Boambee is a suburb in the city of Coffs Harbour on the Mid North Coast of New South Wales, Australia. Boambee is west of Sawtell on the Pacific Highway. It is divided into two sections: semi-rural Boambee (2450)
and the more suburban Boambee East (2452). These suburbs are divided by the Pacific Highway. In 2011, Boambee had a population of 1,545 people, while Boambee East had a population of 5,446 people.

The Boambee State Forest is located to the north-west of Boambee's residential areas.

== History ==

=== Industry ===
1882 saw the establishment of the first sugar mill in Boambee by James Newport, who was the first to grow sugar cane in the region.
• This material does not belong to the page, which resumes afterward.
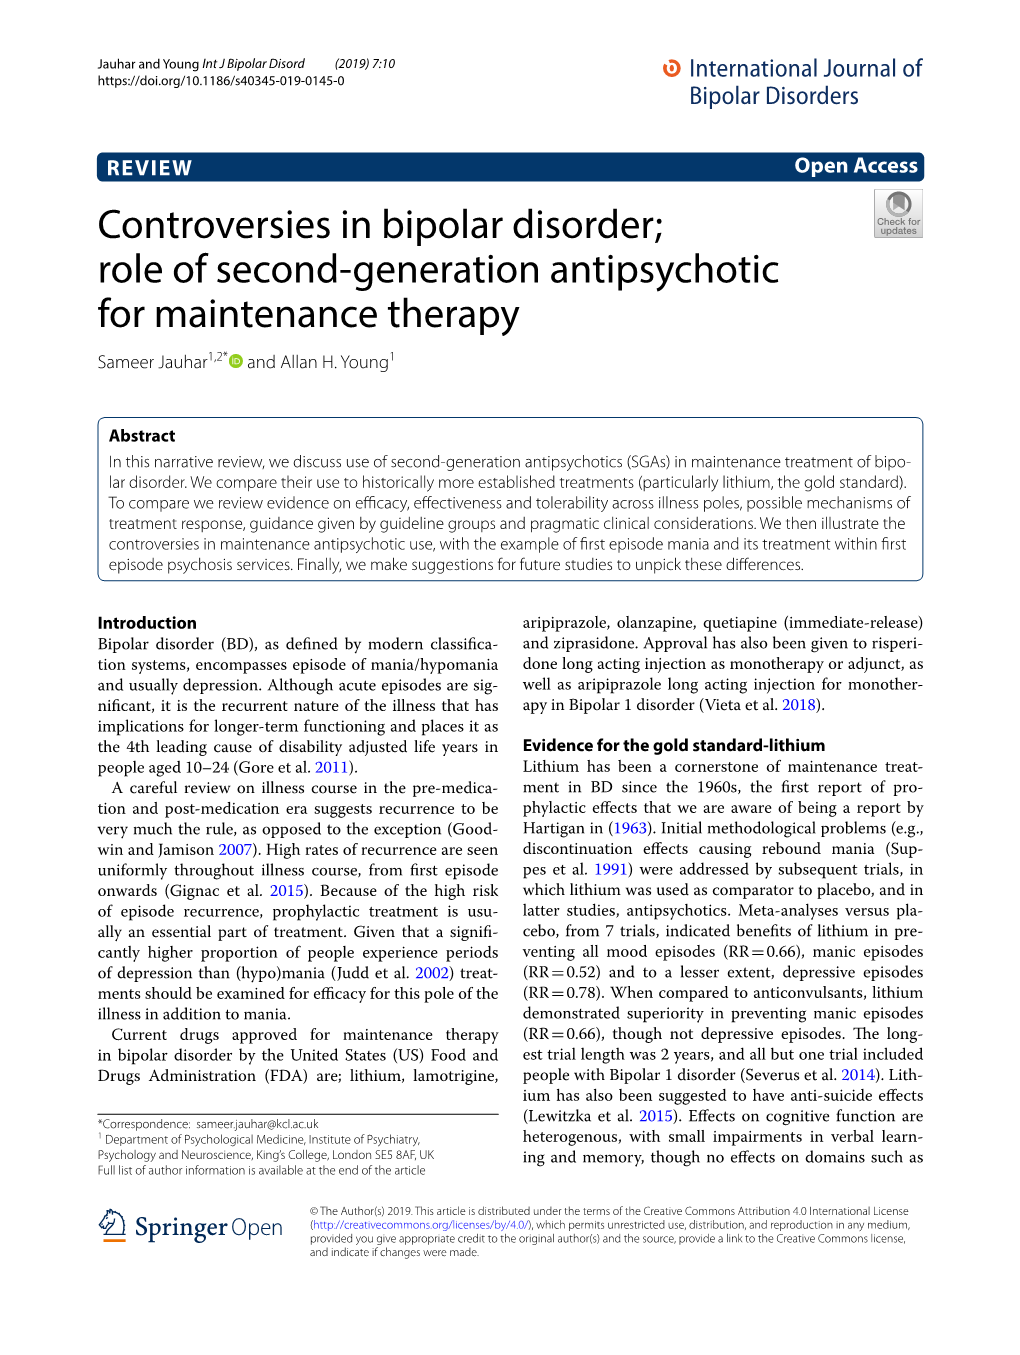 VIEW Open Access Controversies in Bipolar Disorder; Role of Second‑Generation Antipsychotic for Maintenance Therapy Sameer Jauhar1,2* and Allan H

August Schneider opened another mill in 1883.

=== Railway===
Boambee railway station was opened in August 1917, closing in 1946. In the years prior to 1917 the area had been served by a siding.

| Preceding station | Former services |  |  | Following station |
|---|---|---|---|---|
| Coffs Harbour towards Brisbane |  | North Coast Line |  | Sawtell towards Maitland |

=== Schools===
Boambee Half-Time School opened in February 1902 and continued as such until closing in April 1906. The closure was short-lived, being re-opened as Boambee Provisional School in May 1906. This was converted to a Public School in July 1907 suggesting that the school population had increased to the twenty required at the time for the creation of a public school.

==Population==
In the 2016 Census, there were 1,668 people in Boambee. 81.7% of people were born in Australia and 88.5% of people spoke only English at home. The most common responses for religion were No Religion 26.3%, Catholic 21.9% and Anglican 20.8%.